In The Founders, his new book about top charter schools, Richard Whitmire traces both the “revolution” these schools brought about in many American cities as well as a parallel phenomenon, "the charter pushback campaigns."
Consider the gathering storm over public charter schools in Massachusetts, which Whitmire deftly examines. In November, voters will decide whether to support a ballot initiative allowing the state to add 12 new or expanded charters annually. Low-performing districts get priority.
Voters from the Berkshires to Cape Cod will be able to weigh in, but in effect they will be determining educational opportunity for only a fraction of the state: low-income, mostly minority students in Boston and a few smaller cities.
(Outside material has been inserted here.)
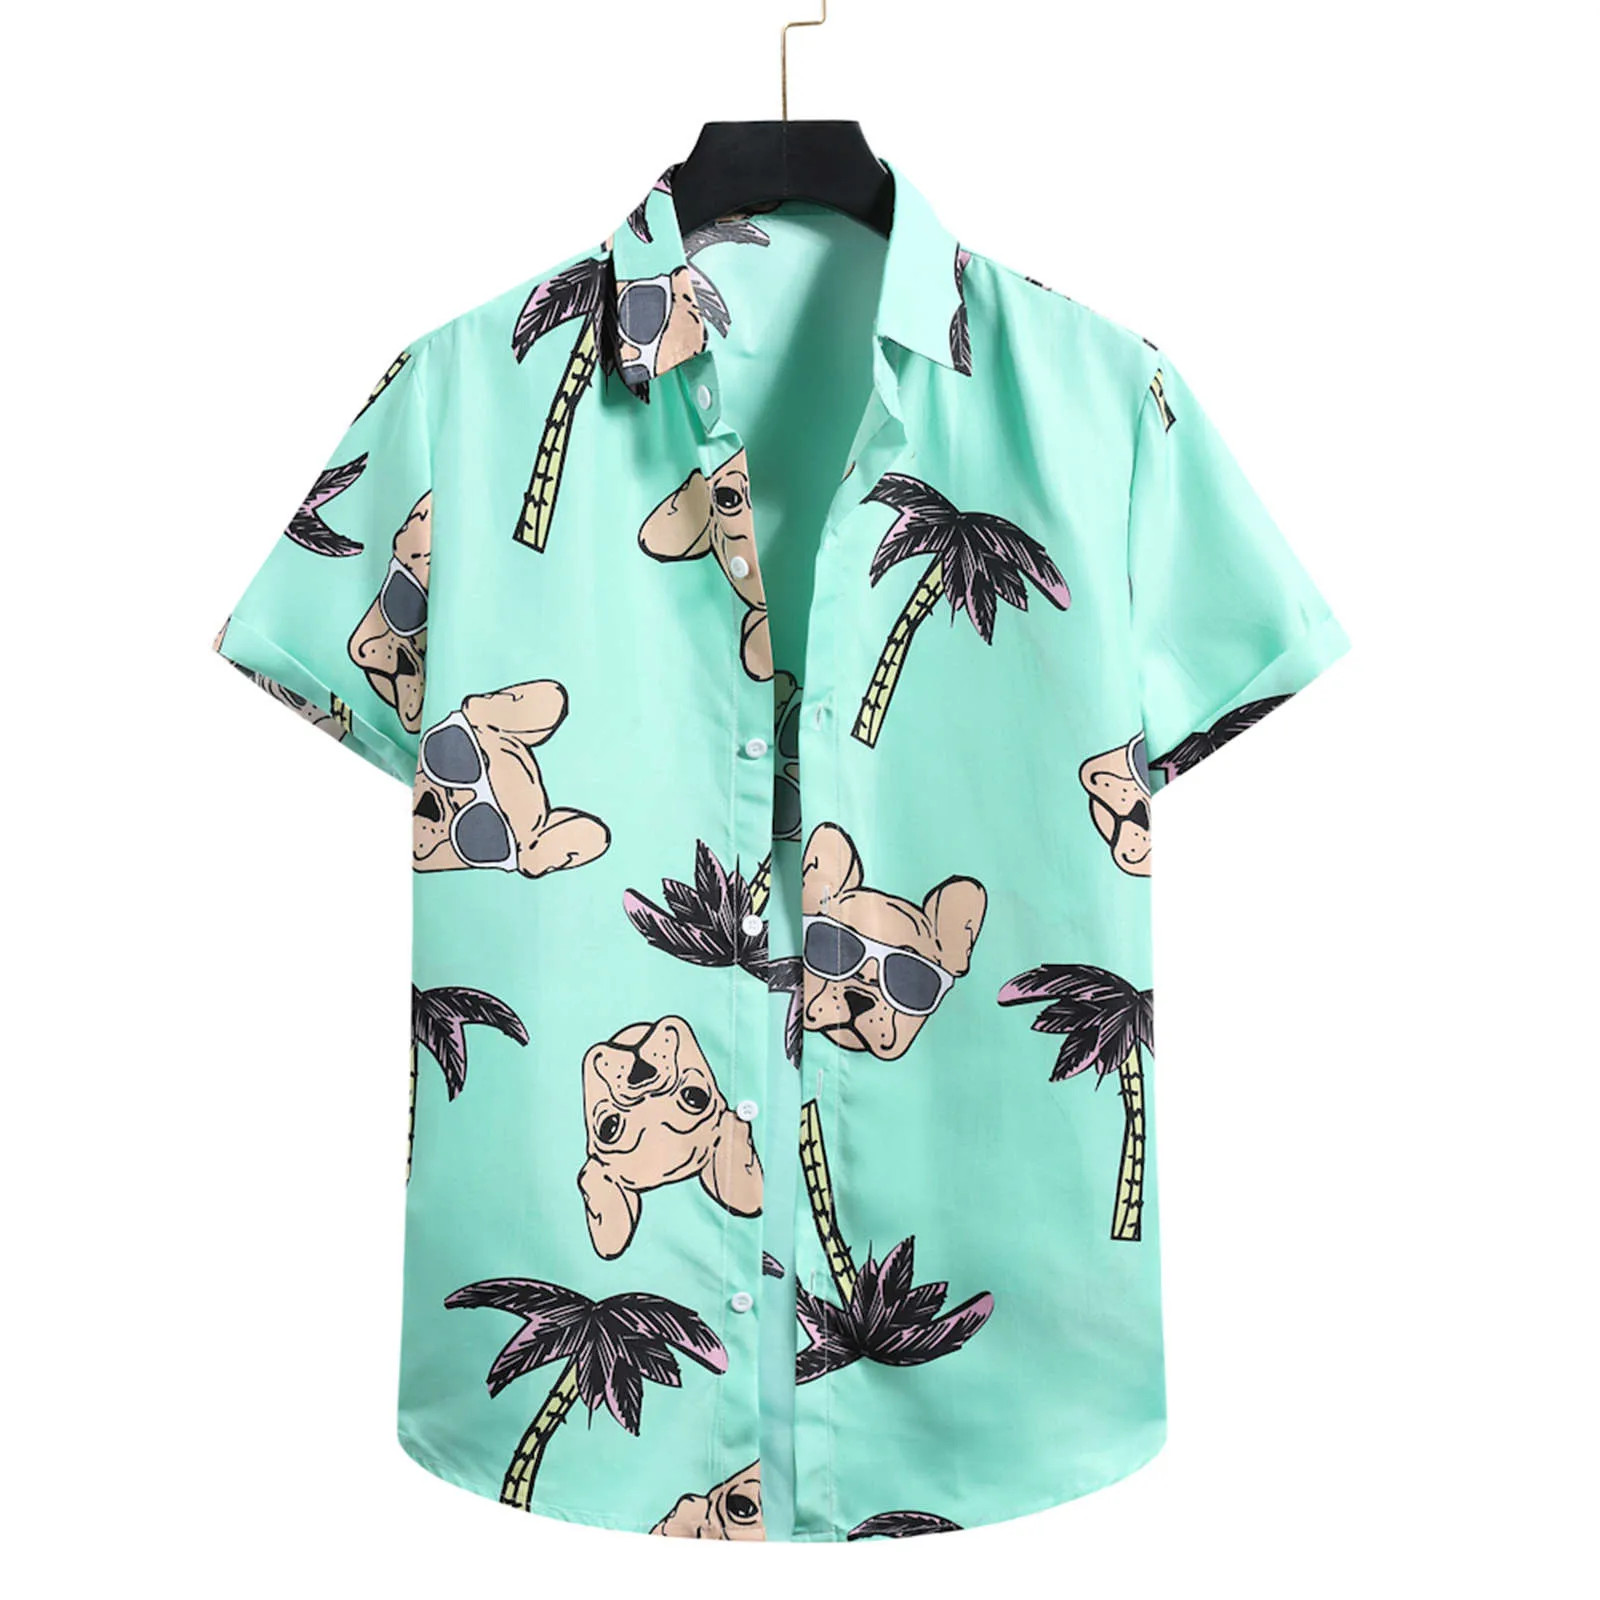 Men's Short Sleeve Cardigan Beach Hawaiian Shirts Summer Turtleneck Shirts Trend Casual Clothing Cozy Tops

Boston is projected to enroll 10,000 students in charters this year, about one-quarter of the state total, while keeping another 10,000 on waiting lists, according to state estimates.
Put another way, in the 2016-17 school year, more than one of every three Boston public school students will be in charters or will wish they were.
But because the district has reached its limit, most of those 10,000 kids won’t get near a seat unless the cap is raised, which is tragic because Boston charters aren’t just good, or even very good. They’re probably the best in the country.
Consider what researchers have found:
In a widely cited 2015 study of charter performance in 41 urban areas, Stanford University determined that “the magnitude of the gains that charter school students in Boston received compared to their traditional public school counterparts is the largest we’ve seen in any area of the country we have studied.”.
More remarkably, the study found that Boston charter students achieved four times more growth in reading and six times more growth in math than their peers in Boston’s traditional schools — a difference equivalent to hundreds of extra days of school. The biggest gains were made by low-income black and Hispanic students.
The findings echo a 2013 analysis showing Boston charter students learned at twice the rate of other public school students, making 12 months more progress in reading over a year and 13 months more progress in math. And these results weren’t concentrated in just a few schools run by the best-known operators. To the contrary, 83 percent of Boston charters outperformed traditional schools in reading and math and no charters performed worse than traditional schools.
Charter opponents often try to delegitmize strong testing results like those in Boston by attributing them to excessive test prep — as New York City Mayor Bill de Blasio did recently. (As if that were the only way poor students can excel!)
But a Harvard researcher found that despite “perverse incentives” for charters to focus on a narrow range of material because of accountability pressure, there was “no evidence of this type of test preparation” among Boston charters.
Finally, countering the notion that charters produce falsely impressive short-term gains only, a team led by MIT economists found that, in addition to improving academic achievement, attending Boston charters increases the likelihood that a student will take AP exams, improves SAT scores, and makes attendance at a four-year college rather than community college more likely.
Around now I should provide a spoiler alert for anyone who still believes evidence or good faith is important in public policy-making. Given the unrivaled gains made by Boston charters compared to district schools, the readiness of the charters to educate thousands of additional city students seems like a gift from the gods.
But here’s how Barbara Madeloni, president of the state teachers union, feels about it: "Any cap lift portends the destabilization of public education in a profound way.” And again: “This proposal (for a ballot initiative) is a strike against democracy, against teacher and parent input into the education of students, and against the principle that all students are entitled to a high-quality public education.”
Wow. For Madeloni, her union, and their supporters, Boston charters are an extraordinary menace. Not because they are failing poor children of color but because they are serving them so well. The $9 million that the Massachusetts Teachers Association has already pledged to spend in order to prevent even one more child from learning in a Boston charter school will be followed by millions more — its Washington, D.C.-based national union has already announced a $1.4 million contribution. It reflects the threat that Boston charters pose to the continued domination of unions over urban public education.
Think about it: spending millions of dollars to keep disadvantaged children in vastly inferior schools. Blocking entry into extraordinary schools so that poor ones aren’t “destabilized.”
The threat is not confined to Boston but matters most there. If Boston charters can be stymied despite their extraordinary success, charters anywhere can be stopped. Madeloni and her supporters are committed to preserving power. To succeed, she needs students in charter schools to fail.